Here you get correctness when sampling from the prior + performance improvement when using gradient samplers.

But this is accessing some internals, e.g. __context__ (this is always available in a @model and defines the “evaluation-mode”), so this is not something I recommend doing at the moment. The first thing is to get faster AD, and then we’ll write a proper performance guide + a bit on the internals that might be useful.

And just for the record: I also think it’s very annoying that such minor difference (i.e. avoiding passing the covariance matrix into MvNormal) makes such a huge difference :confused: I’ve myself been on the receiving end of this many times (brought one MCMC run down from a week to a day by discovering a type-instability far down in the callstack in the gradient computation).
But one “good” benefit here is that we can at least profile these computations without any issues (which is how I identified the above), and with a bit of experience and guidance we can get pretty decent perf in most cases.

EDIT: Turns out you can get Enzyme to work on this model. Include

using Enzyme
Enzyme.API.typeWarning!(false)
Enzyme.API.runtimeActivity!(true)

and then use AutoEnzyme.

This brings my runtime down to ~220µs on my end. But this is all with Float64; if we could use Float32 like the jax code is doing (nothing technical that stops, but there are still too many hardcoded Float64 usages in Turing.jl atm for it to “just work”), we’d probably bring it down to 3-4x slower than numpyro, which isn’t too bad.

5 Likes

I will note that that branch (and likely the first cut of Enzyme+Turing), will be a bit rough performance wise at first. There will likely be nontrivial perf improvements by working together by having Turing define EnzymeRules to mark functions as not needing a derivative or otherwise pass in additional information.

2 Likes

This is great - I’ve learned a lot from this interaction. Seems like with some tweaks to circumvent slow gradient computations one can get within an order of magnitude of numpyro with this model.

I did have one question on this:

W_inner ~ MvNormal(zeros(P), I)
W = W_inner .* λ * τ
Turing.@addlogprob! -sum(log.(λ * τ))

I think the idea here is to fix the log density increment of the MvNormal(0, I) prior by adding in the log determinant of the covariance.

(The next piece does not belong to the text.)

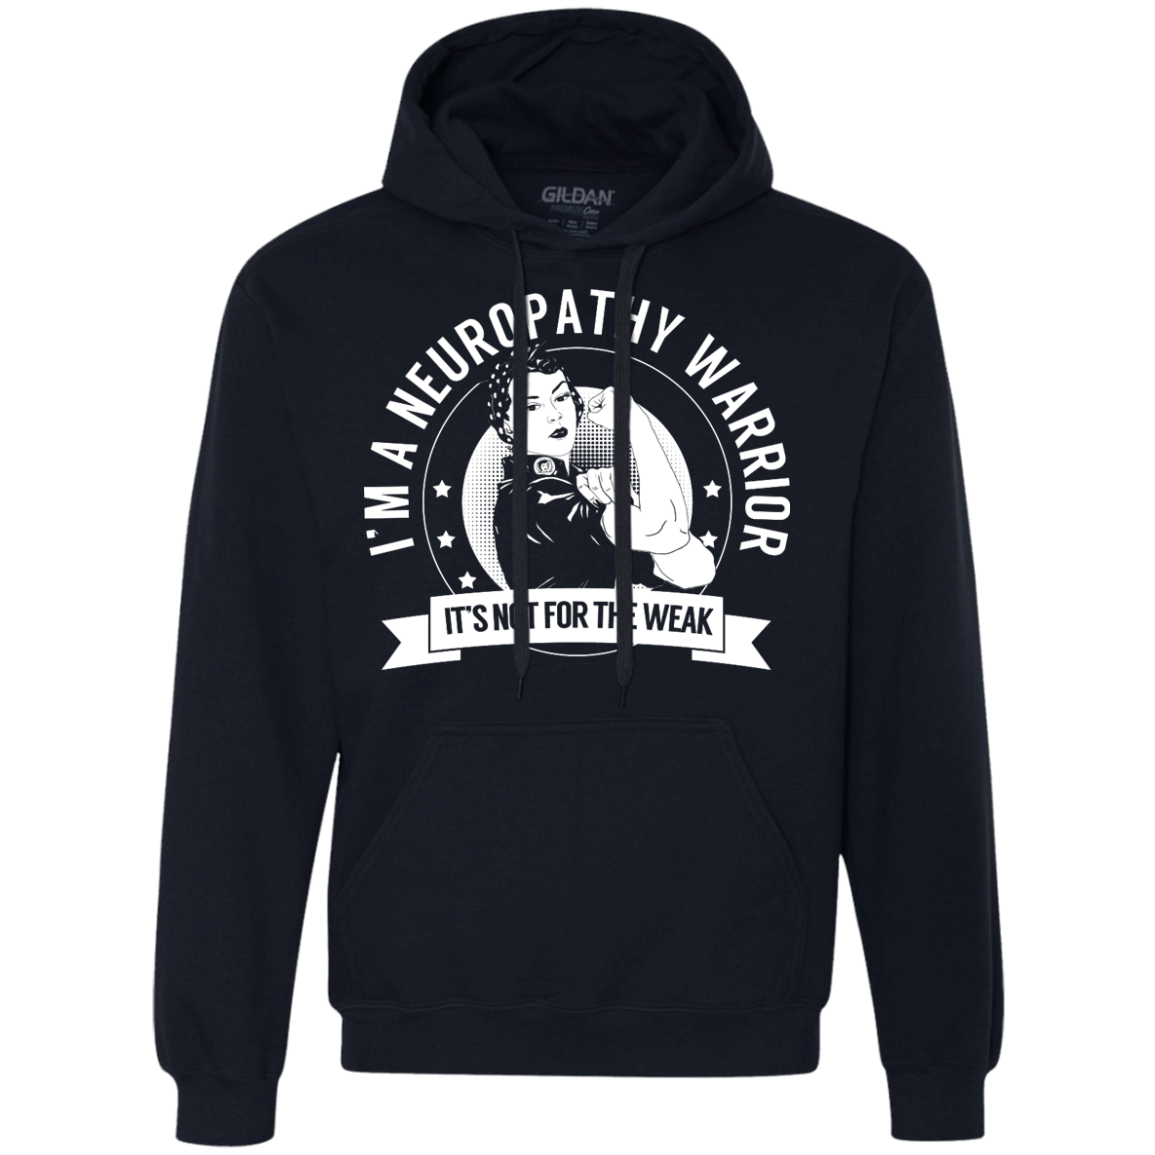 Neuropathy Warrior Not For The Weak Pullover Hoodie - The Unchargeables
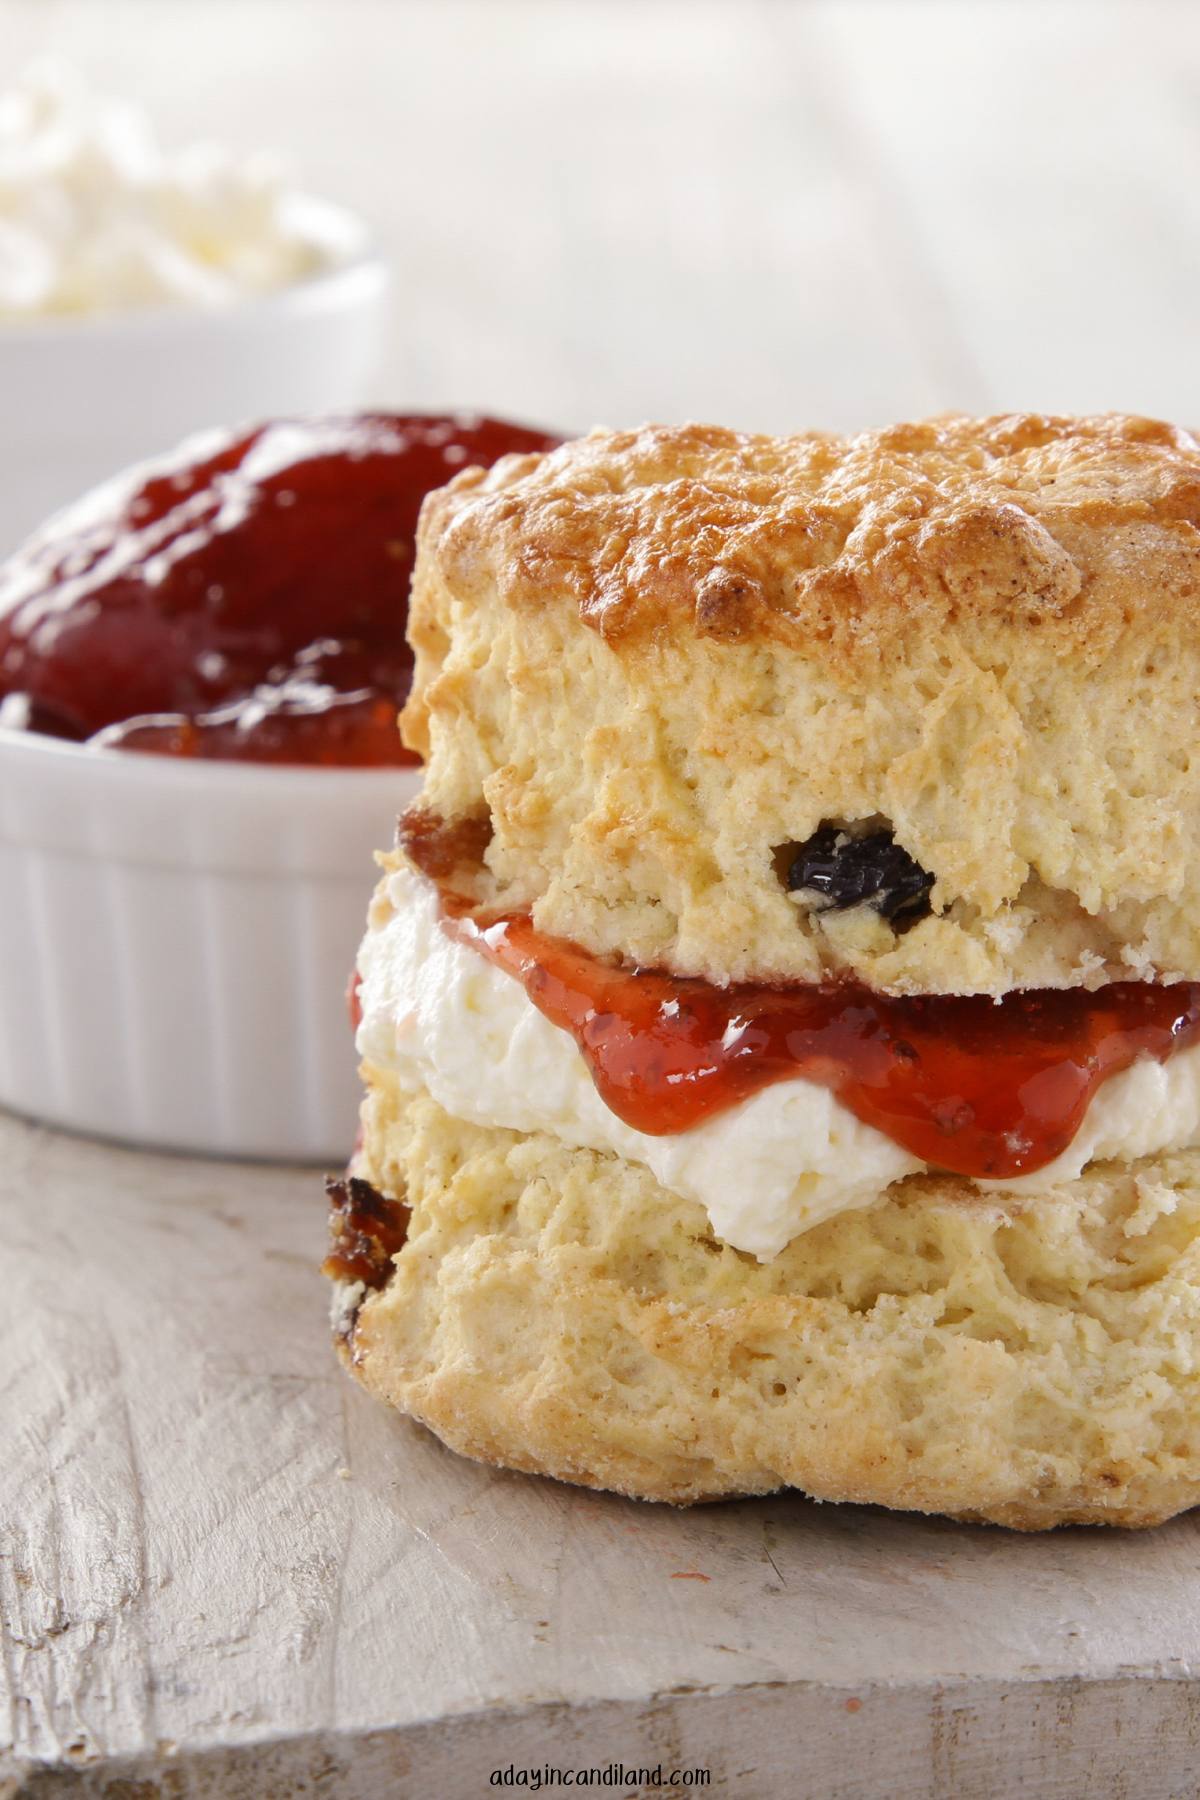 Plate with scone and jam.

I think this is slightly off; the log determinant of the covariance would be:

-sum(log.(λ.^2 * τ^2))

Also isn’t the kernel slightly off?

I.e. if the covariance is Σ = Diagonal(I * λ.^2 * τ^2), and we replace that with just I, the difference is:

W^t Σ^-1 W = W^t(Σ^-1 - I)W + W^tW 

So seems like we’d need to add W^t(Σ^-1 - I)W in with Turing.@addlogprob! as well.

Sorry, ignore my post: yes, that does work - it adds in the log determinant of the jacobian of the inverse transform. Thanks again!